* _Task statement_
From the first line to the last, repeat the data exactly but leave out the pictures.

* _Exercise data_
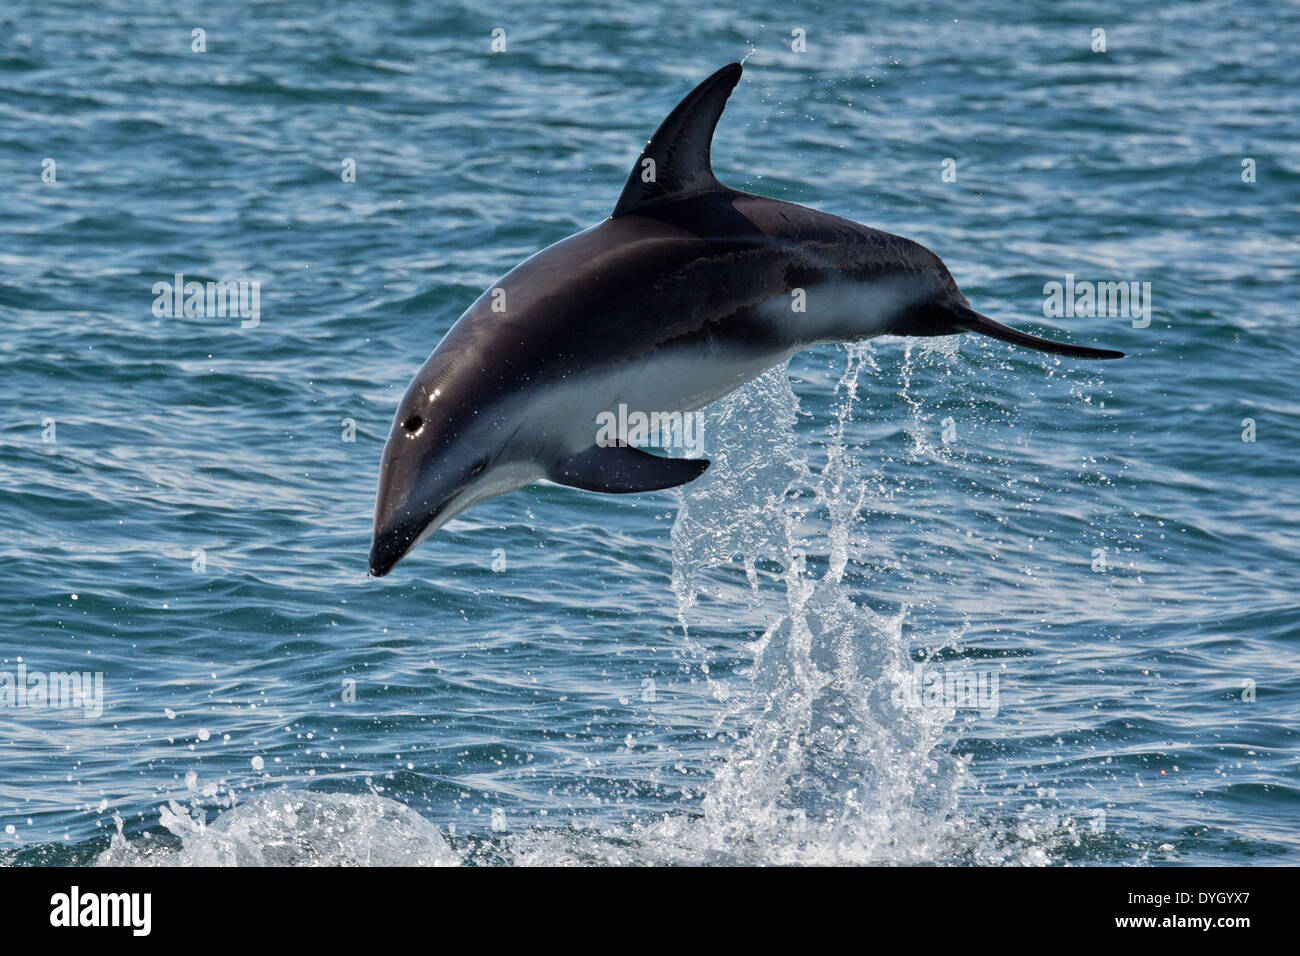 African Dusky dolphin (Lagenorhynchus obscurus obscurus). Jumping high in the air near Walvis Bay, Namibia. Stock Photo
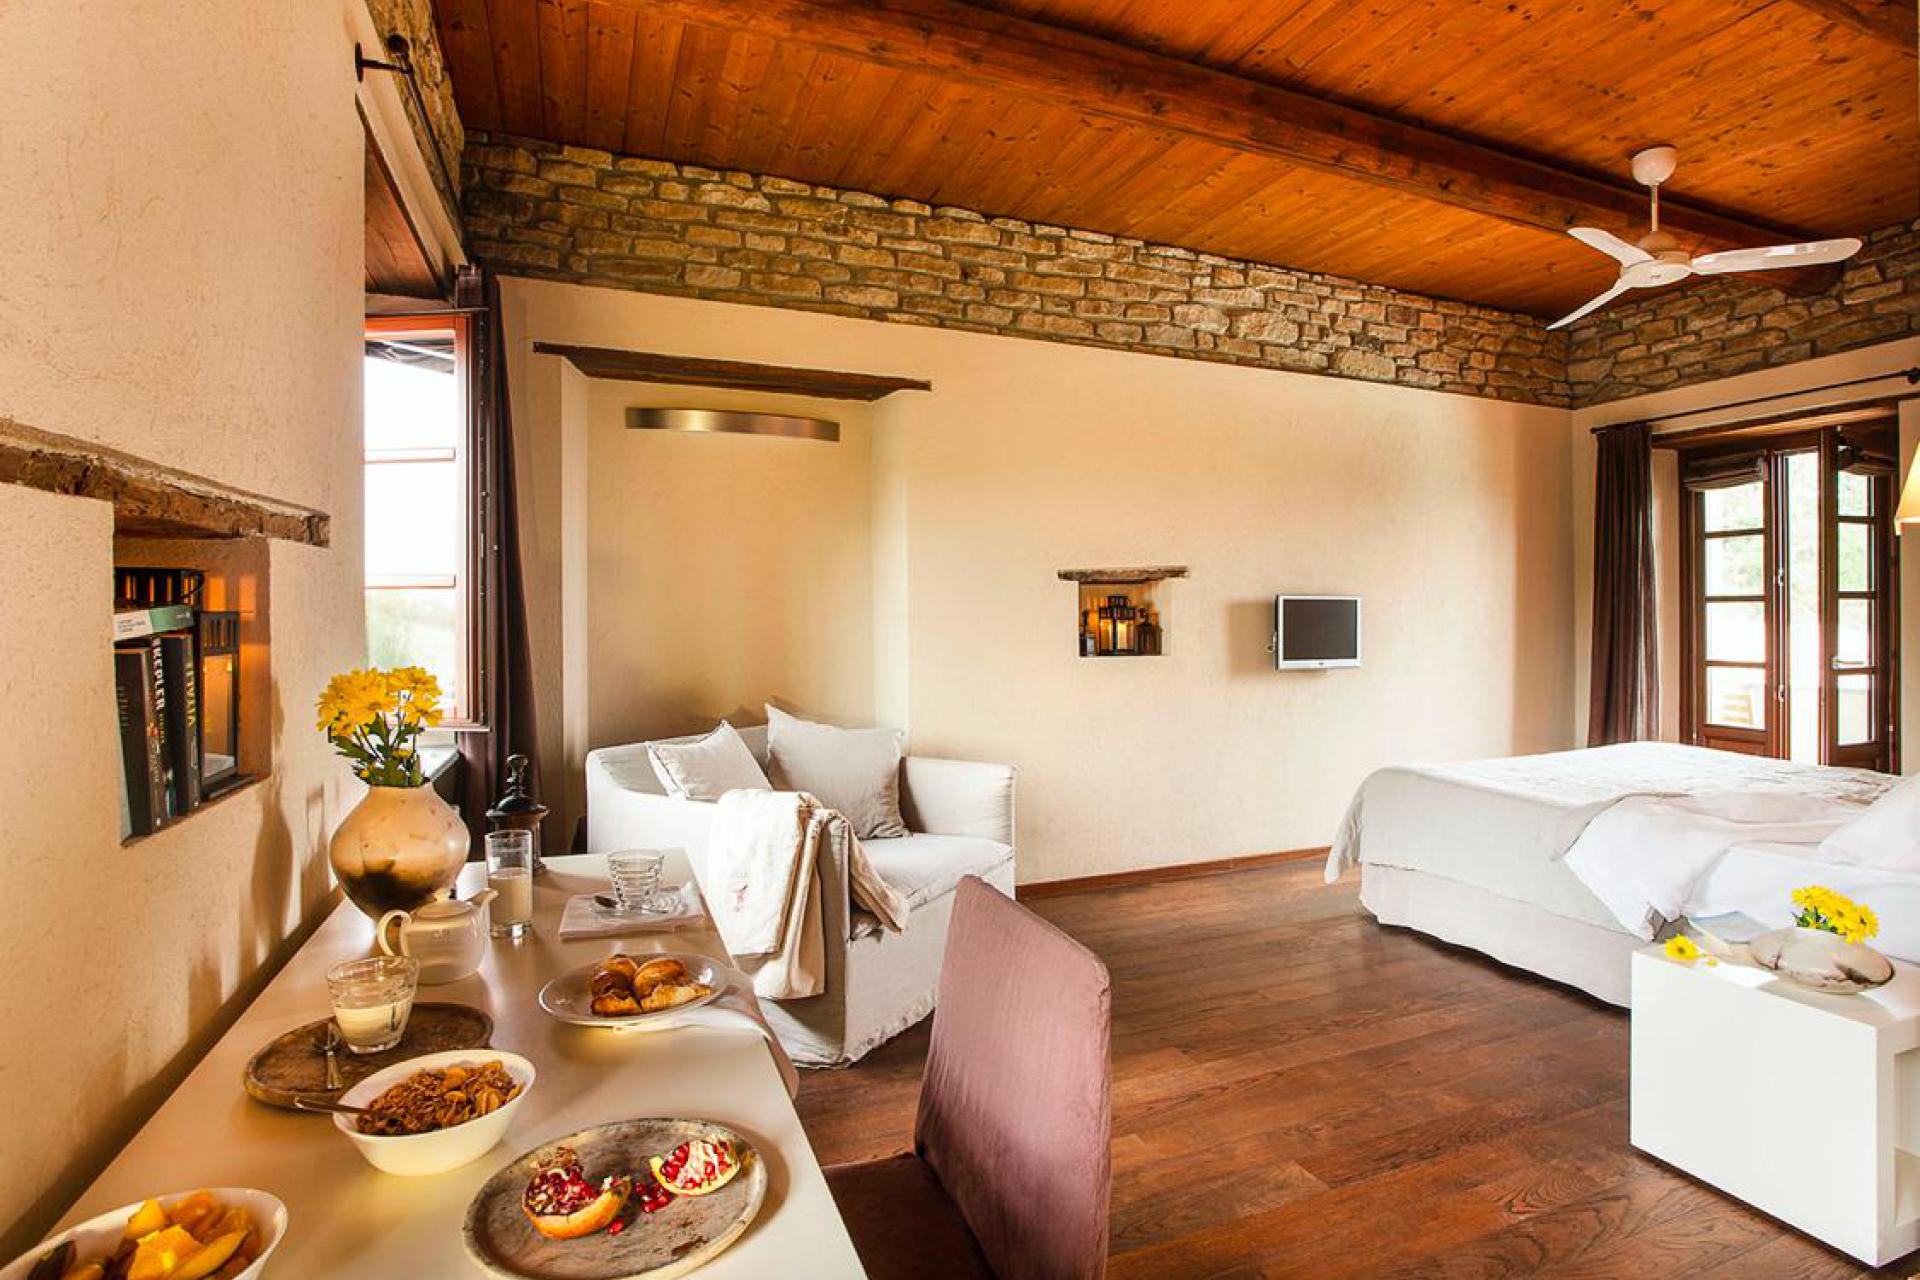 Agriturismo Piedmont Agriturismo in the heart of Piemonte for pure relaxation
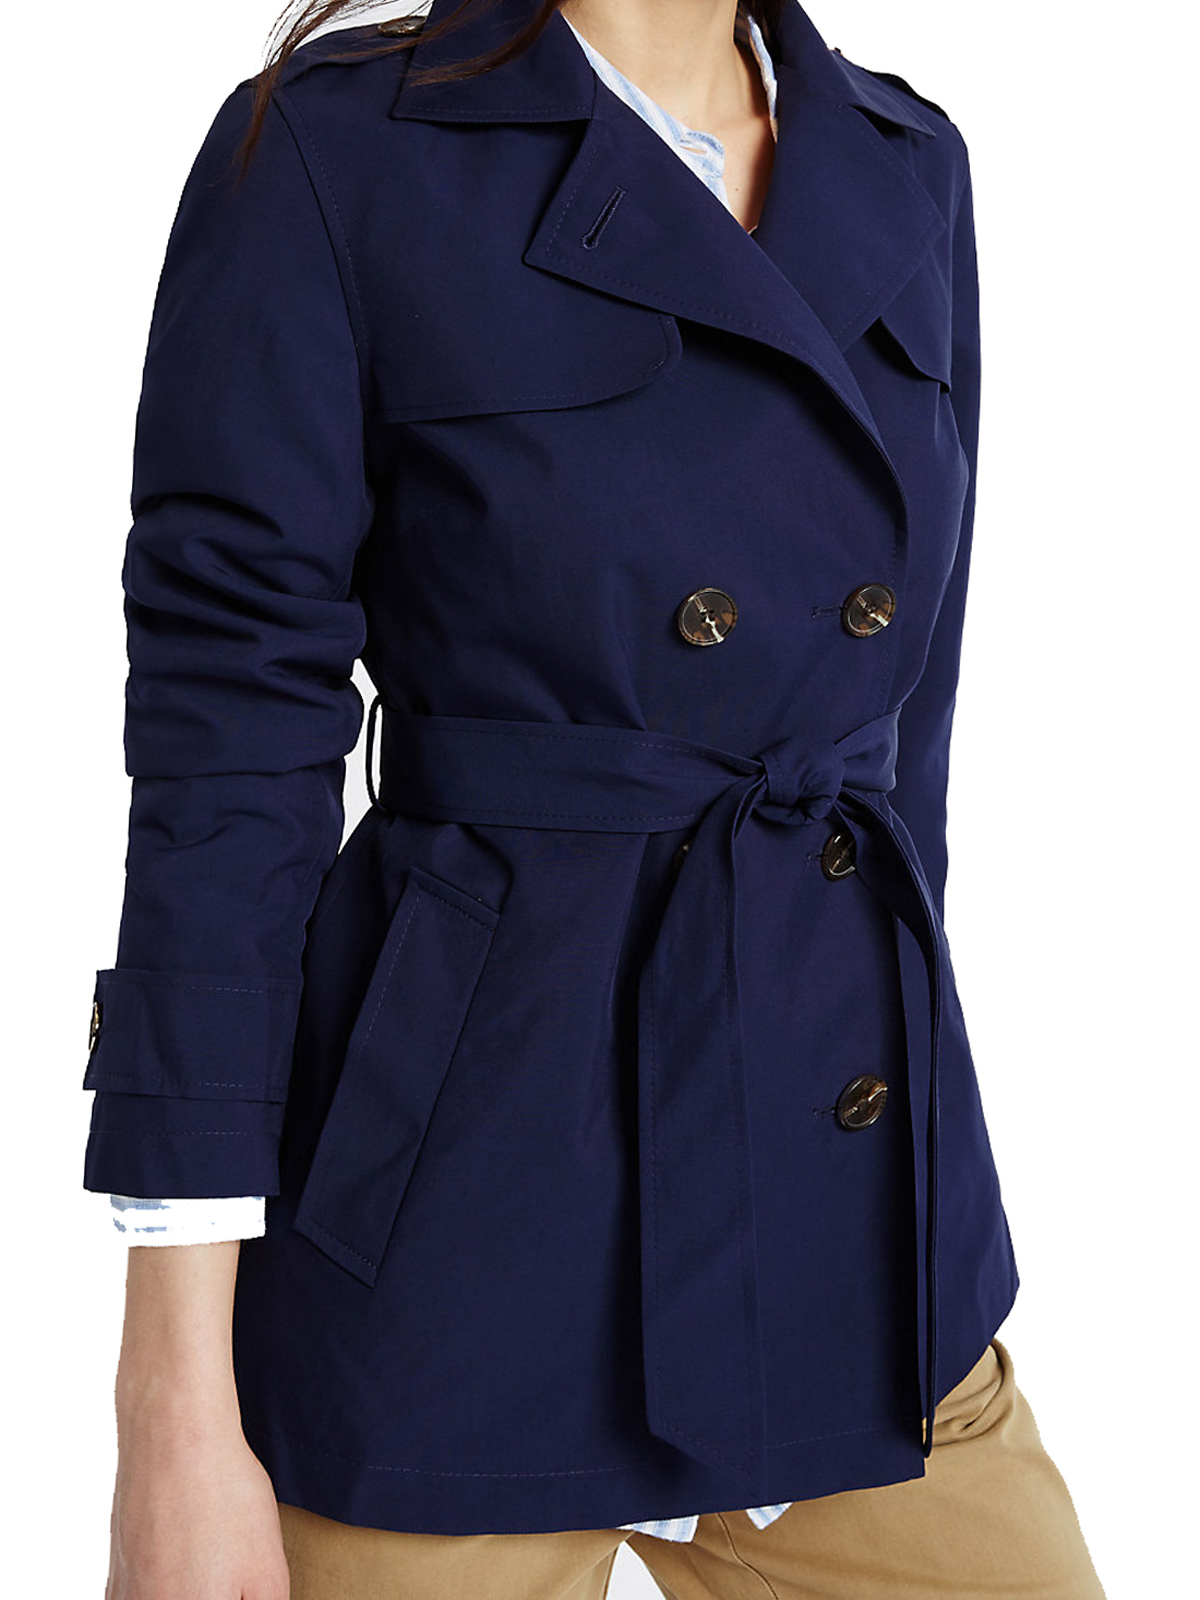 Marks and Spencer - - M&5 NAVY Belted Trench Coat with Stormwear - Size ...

* _Solution_
 African Dusky dolphin (Lagenorhynchus obscurus obscurus). Jumping high in the air near Walvis Bay, Namibia. Stock Photo
 Agriturismo Piedmont Agriturismo in the heart of Piemonte for pure relaxation
 Marks and Spencer - - M&5 NAVY Belted Trench Coat with Stormwear - Size ...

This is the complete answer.